Bien que TS6 rapporte s’être fait dire par un membre du Curateur public que l’utilisation de ce type de stratégie était inadmissible, car elle allait à l’encontre des droits de la personne. Il apparaît, selon l’expérience qu’il a pu avoir notamment avec les résidences pour personnes âgées, que leur utilisation soit monnaie courante dans le milieu.

[La personne au Curateur public] me dit : vous allez contre les droits de la personne […] J’en ai parlé en supervision. J’en ai parlé avec mon chef de programme. Ben ce qui est ressorti, c’était un peu que c’est sûr que le curateur va défendre cette position-là, mais dans les faits, [… le client], un coup rendu à la résidence […] C’est un peu banalisé parce qu’ils semblent être un peu habitués à ça. (TS6)

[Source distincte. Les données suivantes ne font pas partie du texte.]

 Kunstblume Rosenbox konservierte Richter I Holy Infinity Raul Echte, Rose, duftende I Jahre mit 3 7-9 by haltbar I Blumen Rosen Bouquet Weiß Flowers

TS6 tient cependant à noter que la plupart du temps, c’est le représentant légal ou un membre de la famille qui prend la responsabilité d’utiliser ce type de stratégies et qu’il ne fait lui-même que le suggérer à la famille. Il souligne, à ce niveau, les risques de dérapage sur le plan éthique. Par exemple, lorsque la famille omet carrément de dire à la personne qu’elle va en hébergement.

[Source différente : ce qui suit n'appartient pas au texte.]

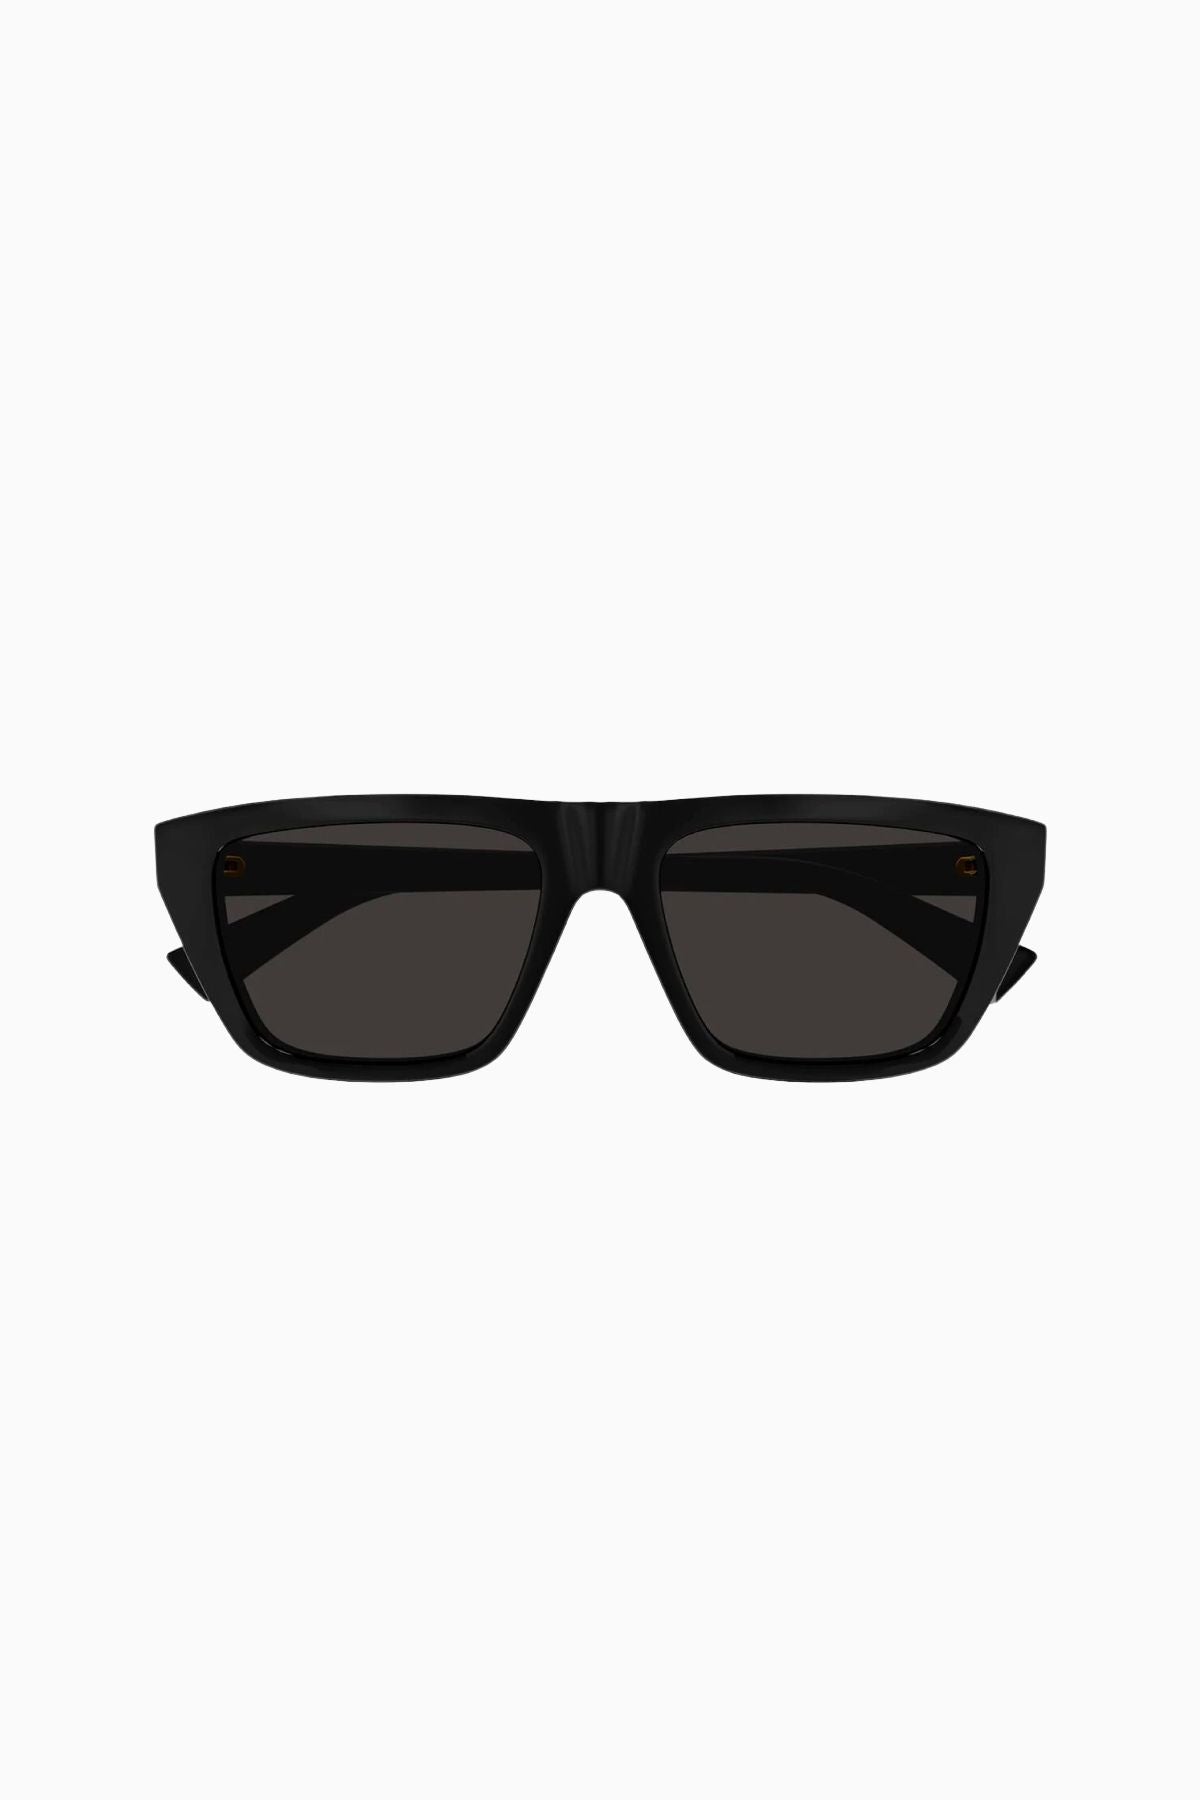 Bottega Veneta Sleek Square Framed Sunglasses - Black

Le dilemme éthique dont a choisi de nous parler TS6 a trait à l’évaluation du degré d’inaptitude de la personne âgée. Dans ce dilemme, TS6 se questionnait à savoir si vraiment la cliente plutôt que personne devait être déclarée totalement inapte à la personne du fait que le médecin l’évaluait ainsi et que la famille souhaitait un hébergement rapide. Devant le portrait de la personne âgée qu’il qualifie de "désarmant", TS6 s’interroge sur les critères qui permettent de juger du niveau d’inaptitude.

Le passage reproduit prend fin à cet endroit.